Wednesday, August 31, 2011

Unpatentable Subject Matter (abstract ideas)

Mayo v. Prometheus

  • To put the matter more succinctly, the claims inform a relevant audience about certain laws of nature; any additional steps consist of well­understood, routine, conventional activity already engaged in by the scientific community; and those steps, when viewed as a whole, add nothing significant beyond the sum of their parts taken separately.  For these reasons we believe that the steps are not sufficient to transform unpatentable natural correlations into patentable applications of those regularities.


  • [T]o transform an unpatentable law of nature into a patent-eligible application of such a law, one must do more than simply state the law of nature while adding the words “apply it.”
  • The question before us is whether the claims do significantly more than simply describe these natural relations. To put the matter more precisely, do the patent claims add enough to their statements of the correlations to allow the processes they describe to qualify as patent-eligible processes that apply natural laws?
  • If a law of nature is not patentable, then neither is a process reciting a law of nature, unless that process has additional features that provide practical assurance that the process is more than a drafting effort designed to monopolize the law of nature itself.

CLS BANK v. ALICE CORP.
  • The abstractness of the “abstract ideas” test to patent eligibility has become a serious problem, leading to great uncertainty and to the devaluing of inventions of practical utility and economic potential.
  • Notwithstanding these well intentioned efforts and the great volume of pages in the Federal Reporters treating the abstract ideas exception, the dividing line between inventions that are directed to patent ineligible abstract ideas and those that are not remains elusive.
  • While every inventor is granted the right to exclude, or “pre-empt,” others from practicing his or her claimed invention, no one is entitled to claim an exclusive right to a fundamental truth or disembodied concept that would foreclose  every future innovation in that art.
  • [T]he essential concern is not preemption, per se, but the extent to which preemption results in the foreclosure of innovation.  Claims that are directed to no more than a fundamental truth and foreclose, rather than foster, future innovation are not directed to patent eligible subject matter under § 101.  No one can claim the exclusive right to all future inventions.
  • The mere implementation on a computer of an otherwise ineligible abstract idea will not render the asserted “invention” patent eligible. 
  • It can ... be appreciated that a claim that is drawn to a specific way of doing something with a computer is likely to be patent eligible whereas a claim to nothing more than the idea of doing that thing on a computer may not.
  • But even with that appreciation, great uncertainty remains, and the core of that uncertainty is the meaning of the “abstract ideas” exception.
  • Any claim can be stripped down, or simplified, removing all of its concrete limitations, until at its core, something that could be characterized as an abstract idea is revealed.  But nothing in the Supreme Court’s precedent, nor in ours, allows a court to go hunting for abstractions by ignoring the concrete, palpable, tangible, and otherwise not abstract invention the patentee actually claims.  It is fundamentally improper to paraphrase a claim in overly simplistic generalities in assessing whether the claim falls under the limited “abstract ideas” exception to patent eligibility under 35 U.S.C. § 101.  Patent eligibility must be evaluated based on what the claims recite, not merely on the ideas upon which they are premised. 
  • In light of the foregoing, this court holds that when—after taking all of the claim recitations into consideration—it is not manifestly evident that a claim is directed to a patent ineligible abstract idea, that claim must not be deemed for that reason to be inadequate under § 101.

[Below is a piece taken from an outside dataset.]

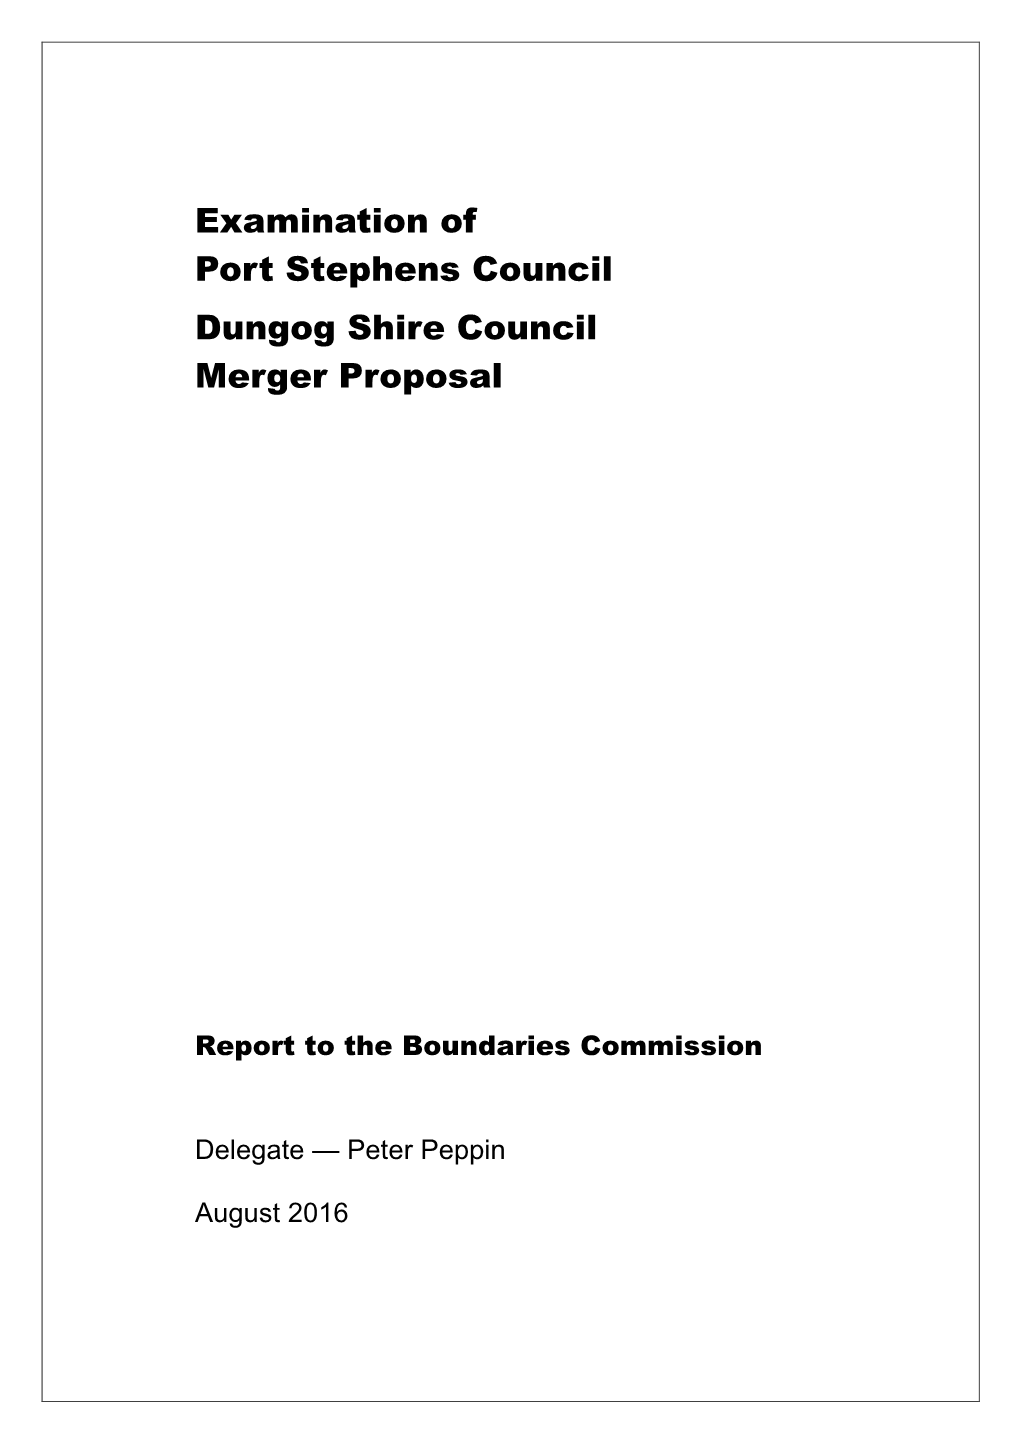 Dungog Shire Council Merger Proposal

  • Unless the single most reasonable understanding is that a claim is directed to nothing more than a fundamental truth or disembodied concept, with no limitations in the claim attaching that idea to a specific application, it is inappropriate to hold that the claim is directed to a patent ineligible “abstract idea” under 35 U.S.C. § 101.


CLASSEN IMMUNOTHERAPIES, INC. V. BIOGEN IDEC
  • Methods that simply collect and compare data, without applying the data in a step of the overall method, may fail to traverse the §101 filter.

  • The ’283 claims do not include putting this knowledge to practical use, but are directed to the abstract principle that variation in immunization schedules may have consequences for certain diseases. In contrast, the claims of the ’139 and ’739 patents require the further act of immunization in accordance with a lower-risk schedule, thus moving from abstract scientific principle to specific application.
  • The computer limitation [in this case] … does not play a significant part in permitting the claimed method to be performed. … At the claim construction stage, AML agreed that “using a computer” merely meant “operating an electronic device that features a central processing unit.” Such a broad and general limitation does not impose meaningful limits on the claim’s scope. AML simply added a computer limitation to claims covering an abstract concept—that is, the computer limitation is simply insignificant post-solution activity.